A simple way to estimate the RAM (or VRAM) you need: each parameter takes 2 bytes at standard 16-bit precision. So a 7-billion parameter model needs roughly 14 GB of memory just to load, plus extra headroom for the conversation itself.
| Model size |
RAM at 16-bit |
RAM at 4-bit |
Where it fits |
| 1–3 B |
~2–6 GB |
~1–2 GB |
Phones, NPUs, any modern laptop |
| 7–8 B |
~14–16 GB |
~4–5 GB |
Mainstream laptops, mid-range GPUs |
| 13–14 B |
~26–28 GB |
~8–10 GB |
Workstations, enthusiast GPUs |
| 30–34 B |
~60–70 GB |
~18–22 GB |
High-end workstations, single data-center GPU |
| 70 B |
~140 GB |
~40–48 GB |
Multi-GPU servers |
| 400 B+ |
800 GB+ |
200 GB+ |
Frontier-lab clusters only |
Approximate values. Real usage depends on architecture, batch size, and how much context you load.
07 - Making Models Smaller
Quantization
Quantization compresses a model by storing each parameter with fewer bits - for example, dropping from 16 bits down to 8, 4, or even fewer. The model gets dramatically smaller and faster, with only a small dip in quality.
It’s the single biggest reason capable AI now runs on laptops and phones. A 70-billion parameter model that needs a server at full precision will often run on a high-end consumer GPU once it’s 4-bit quantized.
As a rough guide: 8-bit is nearly indistinguishable from the original, 4-bit is the sweet spot for local use, and anything below starts to noticeably affect quality on harder tasks.
Bits per parameter
- 16-bitfull quality, full size
- 8-bit~50% smaller
- 4-bit~75% smaller
- 2–3 bitaggressive, lossy
08 - The Model’s Working Memory
Context Windows
The context window is everything the model can “see” at once: your instructions, the conversation so far, any documents you pasted in, and the answer it’s building. It’s measured in tokens.
Small
8K tokens
~6,000 words. A short report or a few emails.
Standard
128K tokens
~300 pages. A typical business document or codebase folder.
Large
1M tokens
~2,500 pages. Entire books or a small codebase at once.
Frontier
2M+ tokens
A full library of reference material in one prompt.
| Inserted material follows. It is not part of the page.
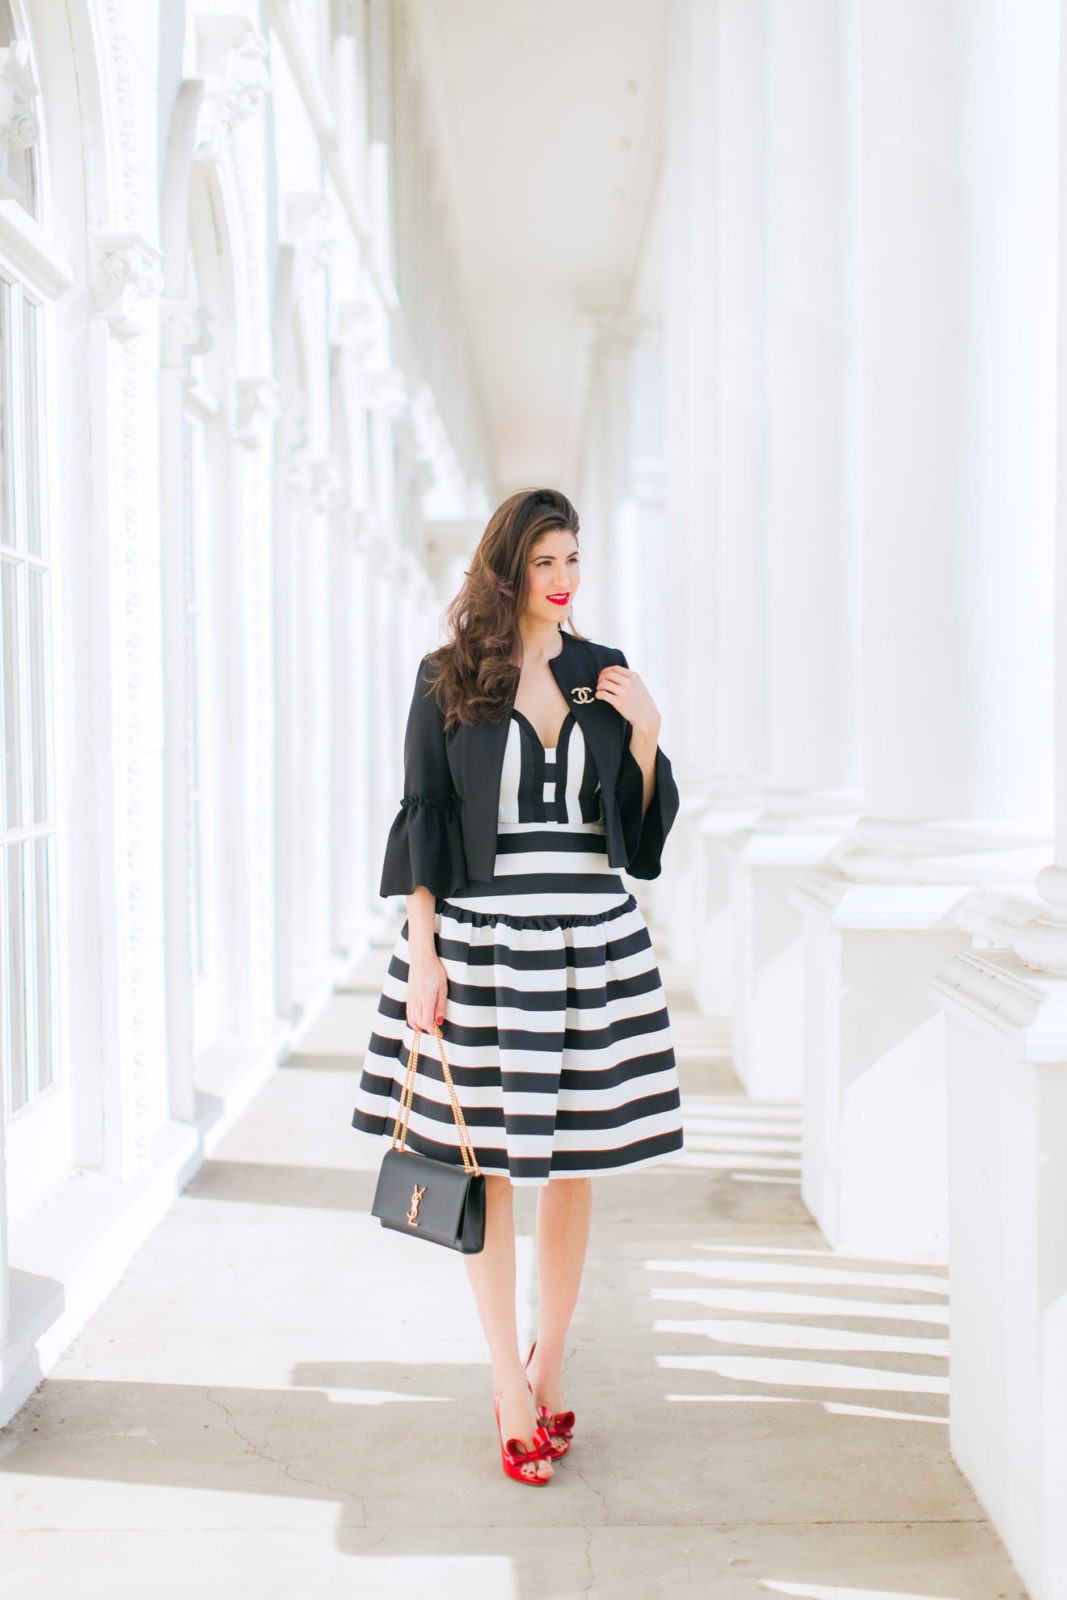 Laura Lily Fashion Travel and Lifestyle Blog, 12 Days of Holiday Style, A Striped Dress and Giving Tuesday, Asos Striped Dress, Valentino Bow Pumps,

Bigger is not always better. Models often pay less attention to material buried deep in a long context, and every token in the window is a token you’re paying for. Curate what you send.
09 - Working With AI
Skills to Build to Use AI Effectively
The biggest gains from AI don’t come from buying a fancier model - they come from people who know how to drive it. These are the skills worth investing in.
Prompt Engineering
Writing clear, specific instructions: give the model a role, show examples, state the format you want, and tell it what to do when it’s unsure. The single highest-leverage AI skill.
Context Curation
Knowing what to put in the prompt and what to leave out. Feeding the right document, the right examples, and the right constraints - not everything you have.
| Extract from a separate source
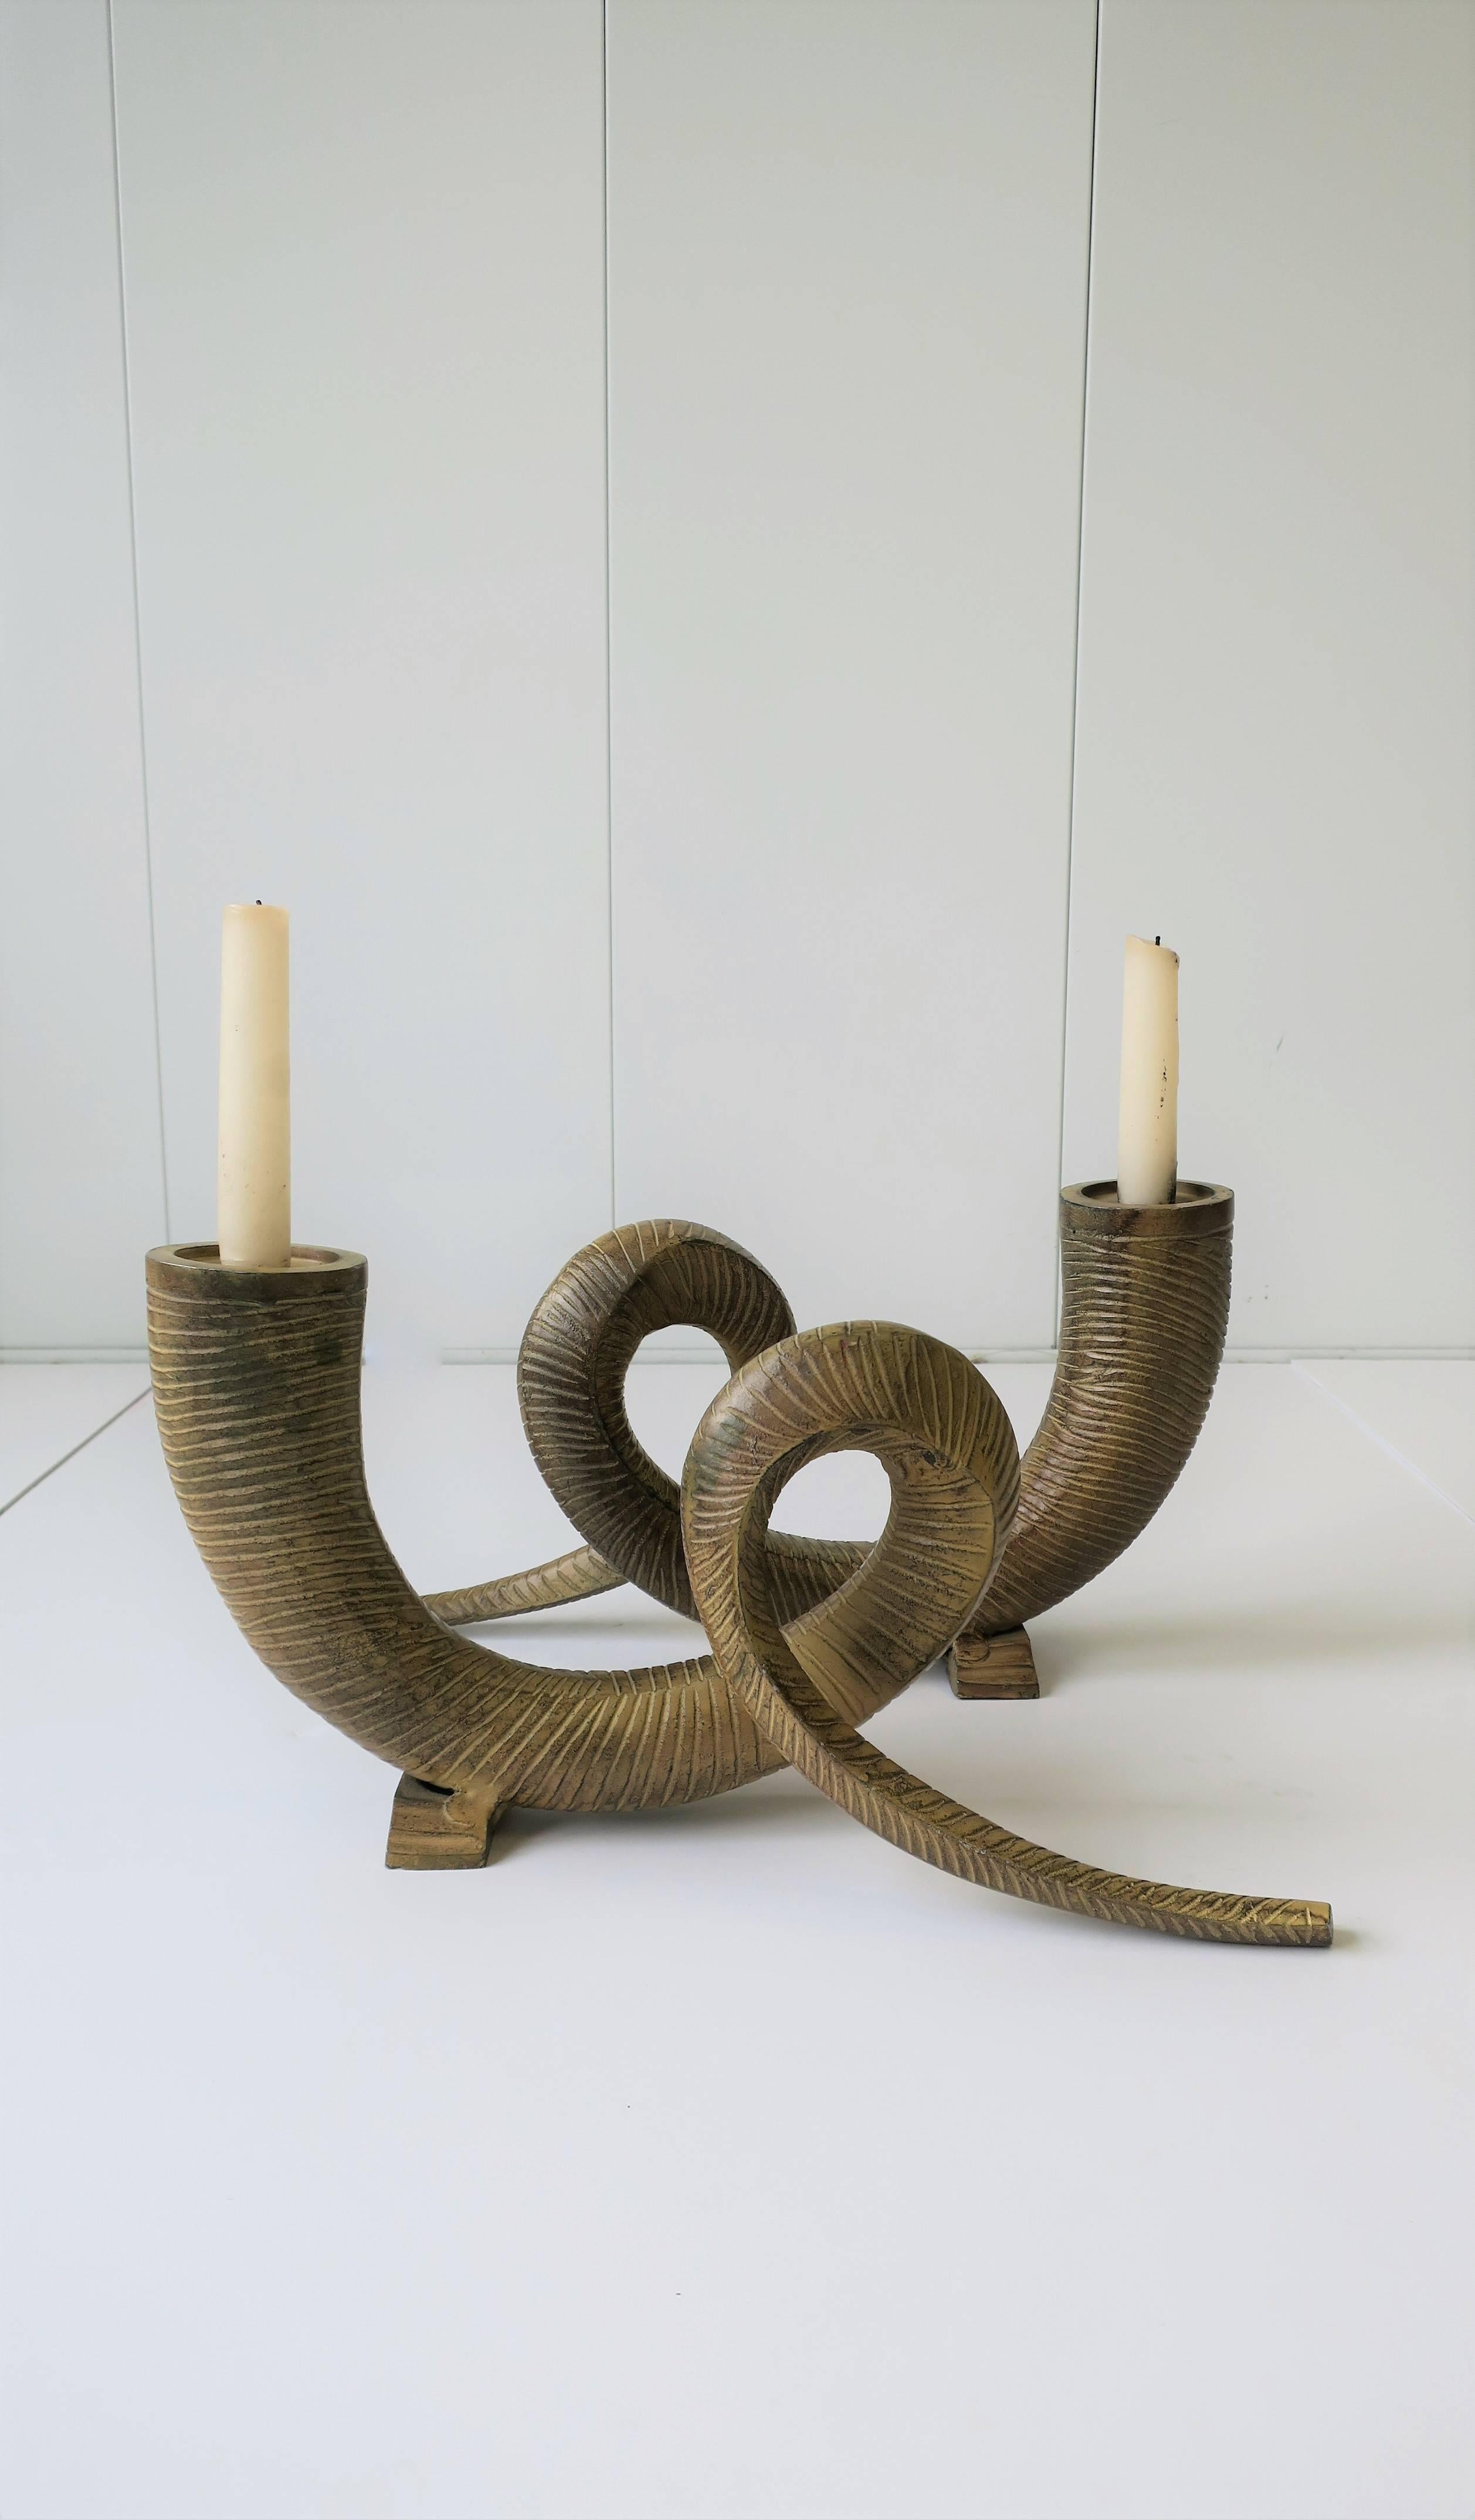 A pair of '80s Postmodern metal animal rams horn decorative sculptures or candlestick holders, circa 1980s. This pair of enameled metal ram horn candlesticks holders can also work great as standalone decorative objects as show in images. 

Each

Verification & Critical Reading
Treat AI output as a confident first draft, not a final answer. Spot hallucinations, check sources, and never publish anything you haven’t read.
Model & Tool Selection
Knowing when to use a small fast model, when to spend on a reasoning model, and when an agent or workflow is the better tool than a chat window.
Workflow Design
Breaking real work into steps an AI can do well, with humans in the loop at the right moments. The skill that turns a clever demo into a real productivity gain.
Privacy & Data Hygiene
Knowing what is safe to paste into which tool, when to use a private model, and how to handle customer data responsibly.